5th Minister of State of Monaco
- In office 10 August 1937 – 29 September 1944
- Monarch: Louis II
- Preceded by: Henry Mauran (acting)
- Succeeded by: Pierre Blanchy

Personal details
- Born: 15 February 1886 France
- Died: 24 August 1963 (aged 77)
- Party: Independent

= Émile Roblot =

Minister of State of Monaco from 1937 to 1944

Émile Henri Roblot (/fr/; 15 February 1886 – 24 August 1963) was a French civil servant who served as the Minister of State of Monaco from 1937 to 1944.

== Early life and career ==
Roblot was born on 15 February 1886. He studied law in Dijon where he received a doctorate in 1912 and published a doctoral thesis.

He was a prefect for the French departements of and Meurthe-et-Moselle from 1931 to 1935 Bas-Rhin from 1935 to 1937.

== Minister of State of Monaco ==
Roblot was appointed Minister of State of Monaco by Louis II, Prince of Monaco on 10 August 1937.

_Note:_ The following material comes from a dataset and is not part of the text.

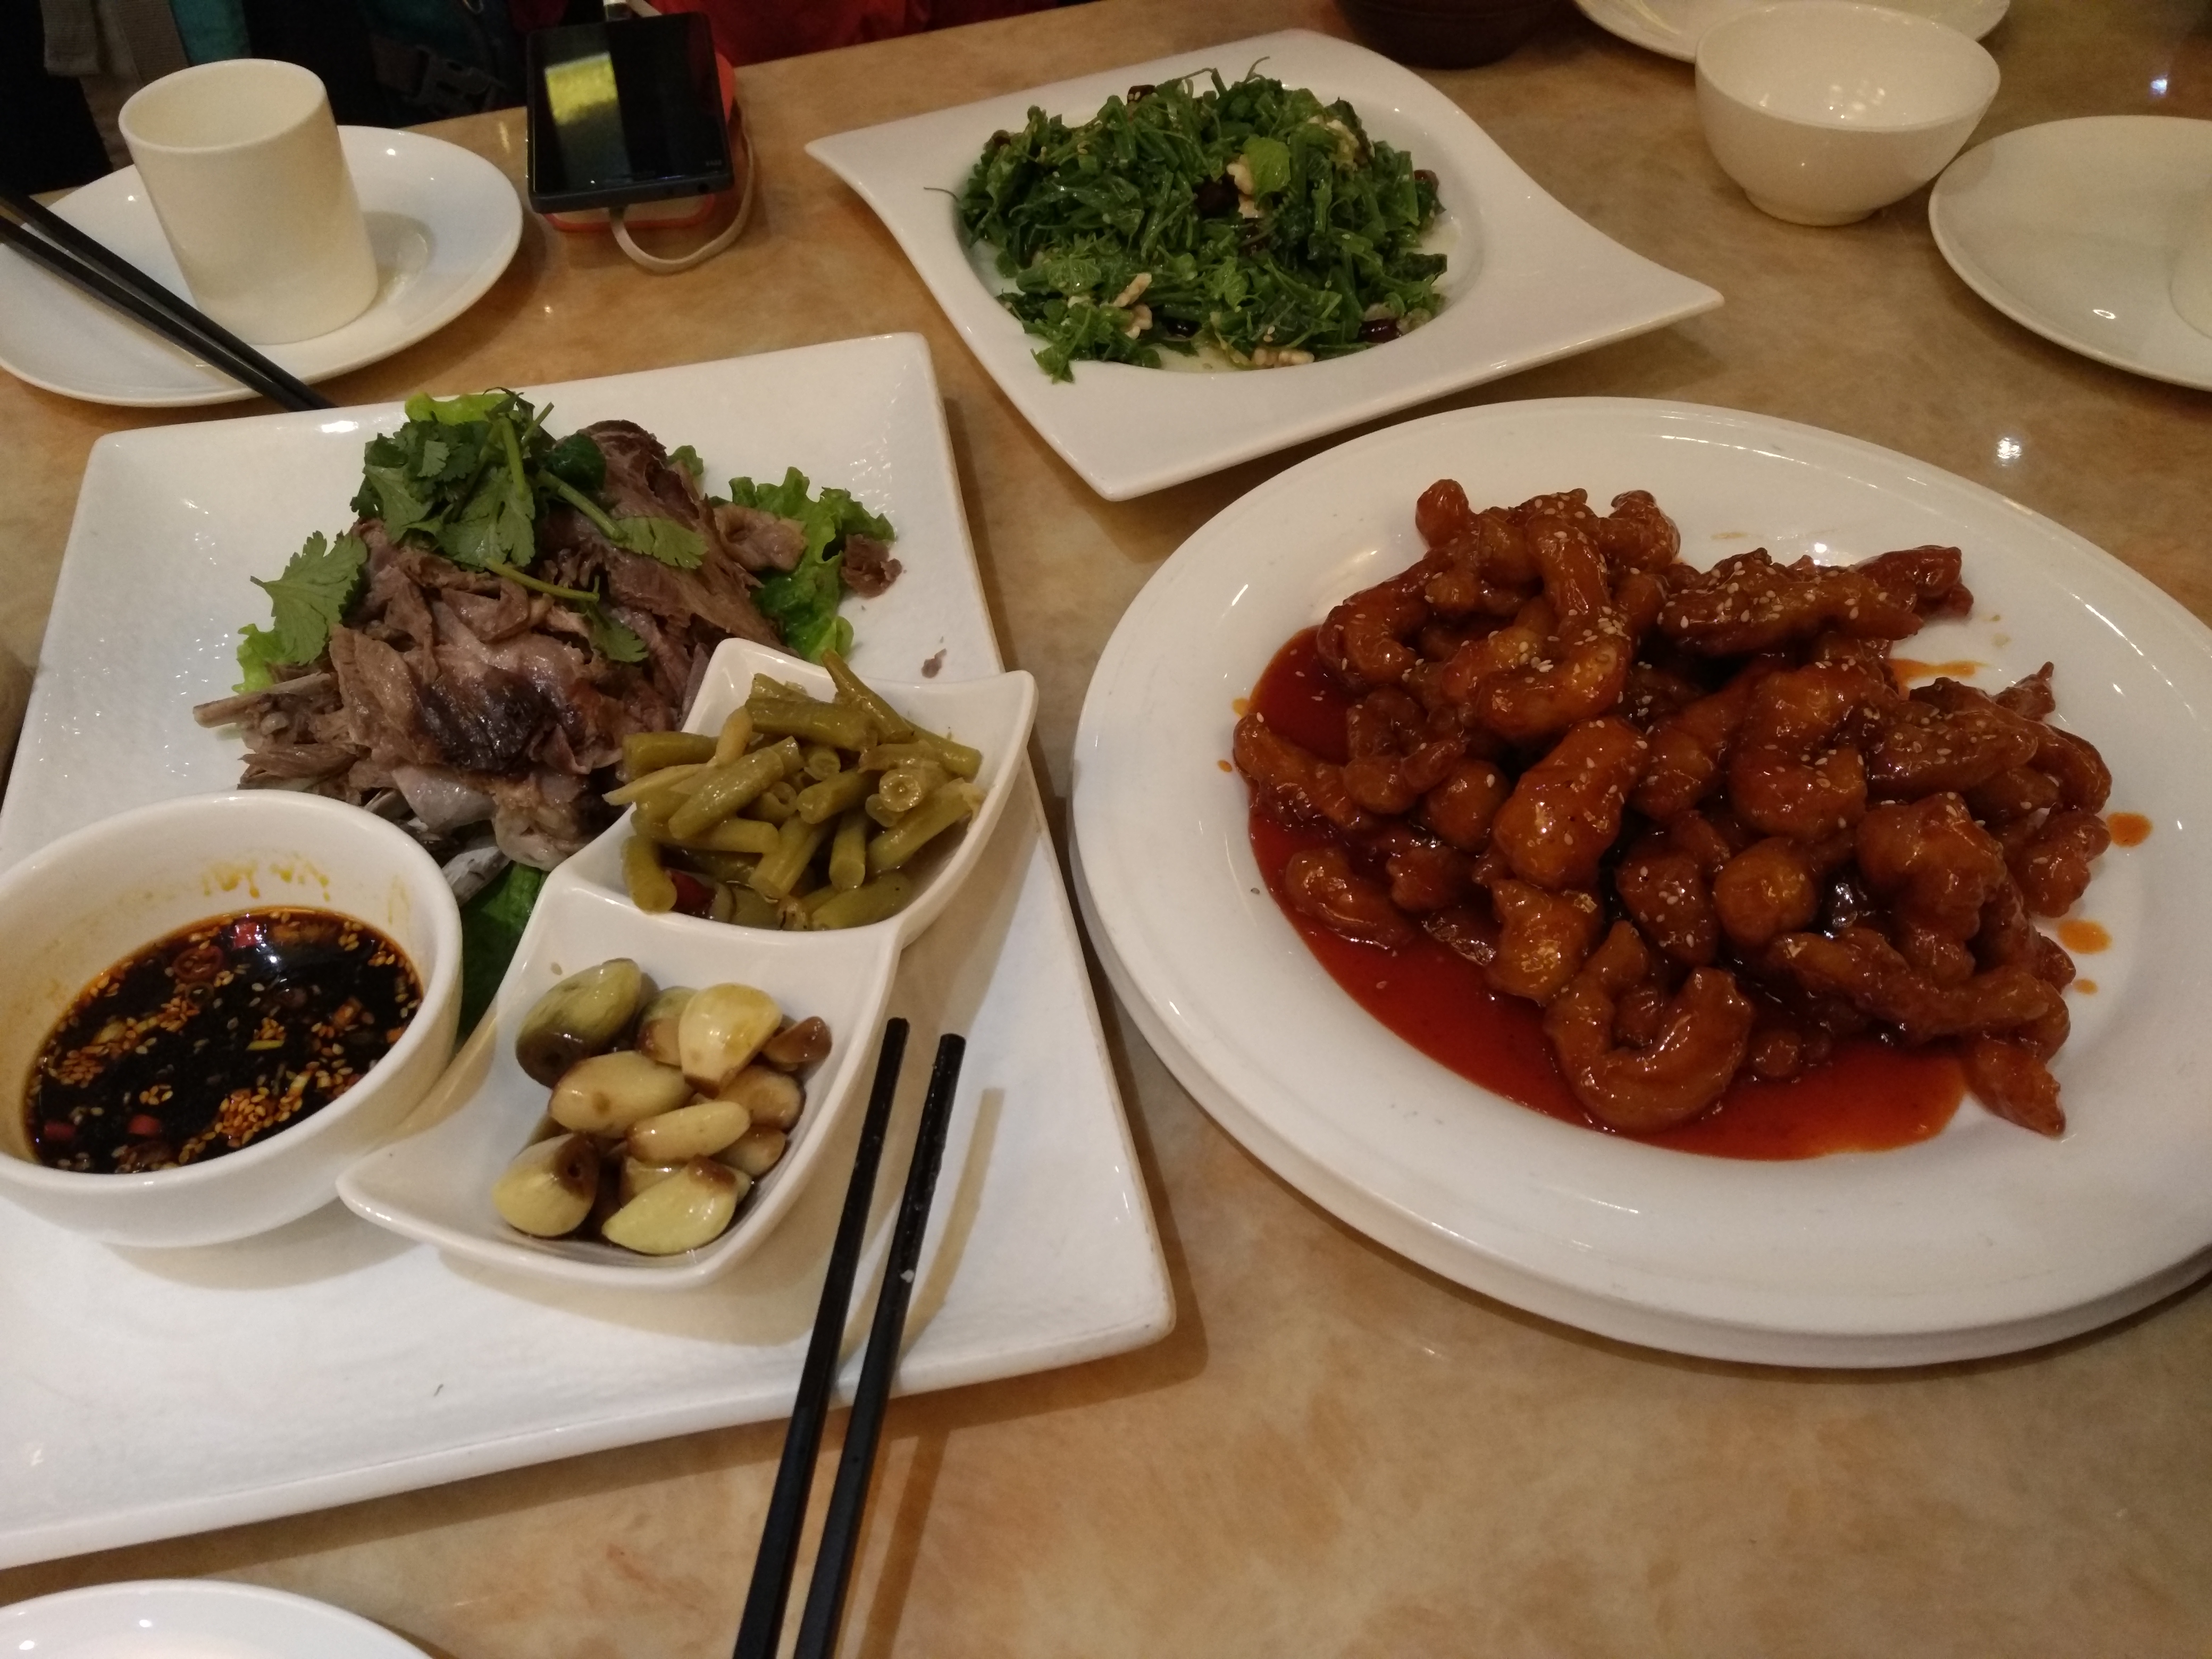 小酥肉是陕西的家常菜,听名字就知道是以肉质绵软为主要卖点,挺适合下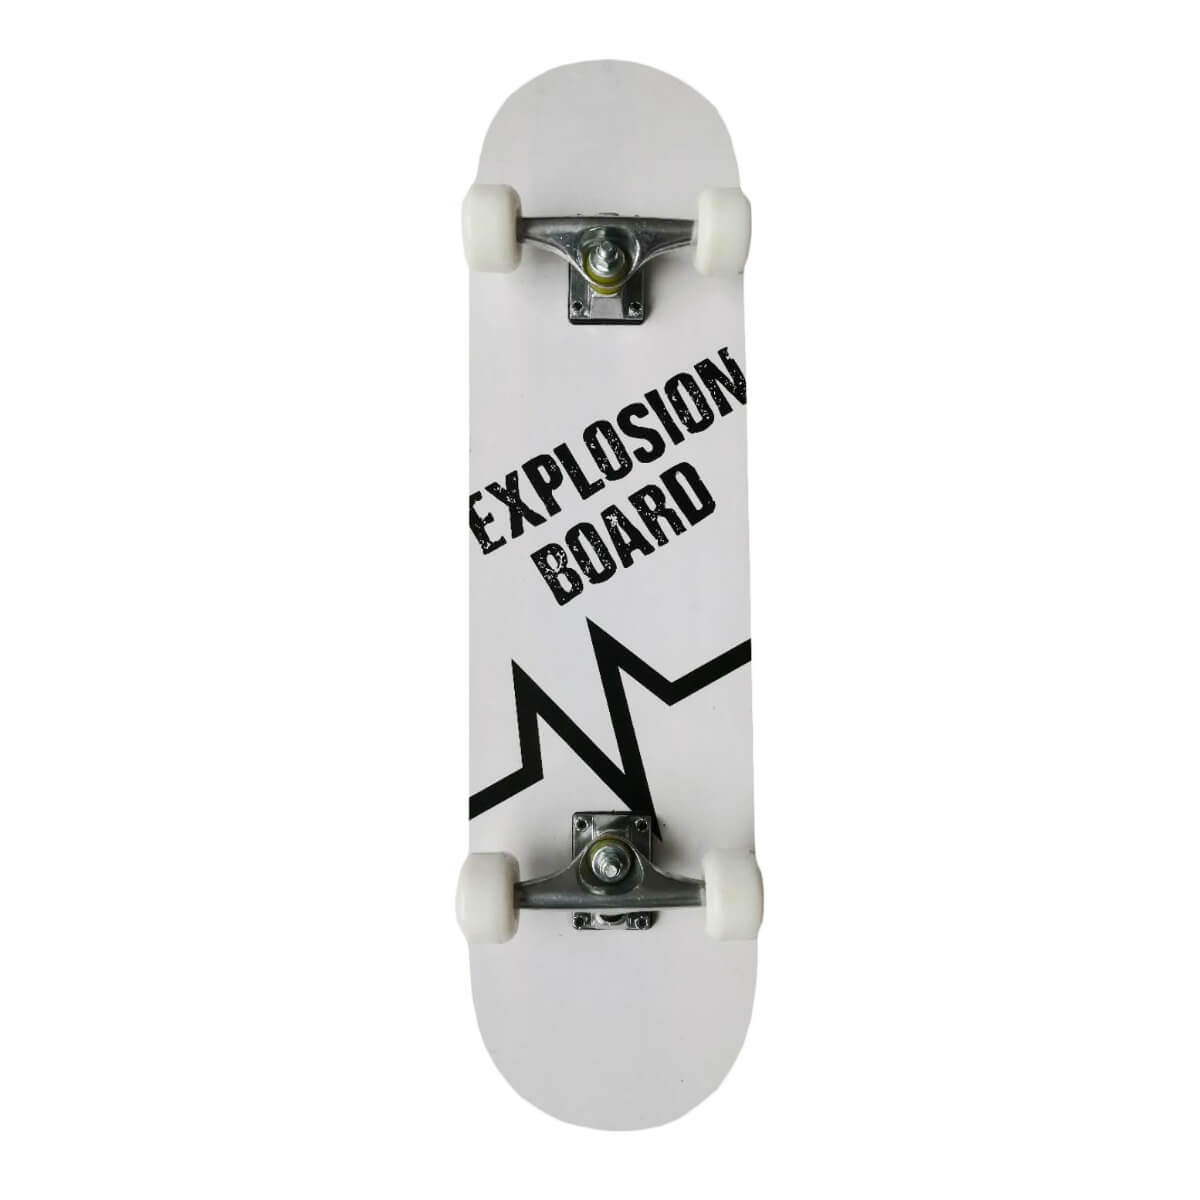 Skateboard EXPLOSION 31" - weiß

Shortly before the start of World War II, Monaco declared its neutrality. Once the war started, 800 people were mobilized in the country. Due to its demographics, which included both Italian and French people, the different sections of the population supported different sides of the conflict. Roblot had strong ties to Vichy France, and was sympathetic to the government of Philippe Pétain throughout its existence.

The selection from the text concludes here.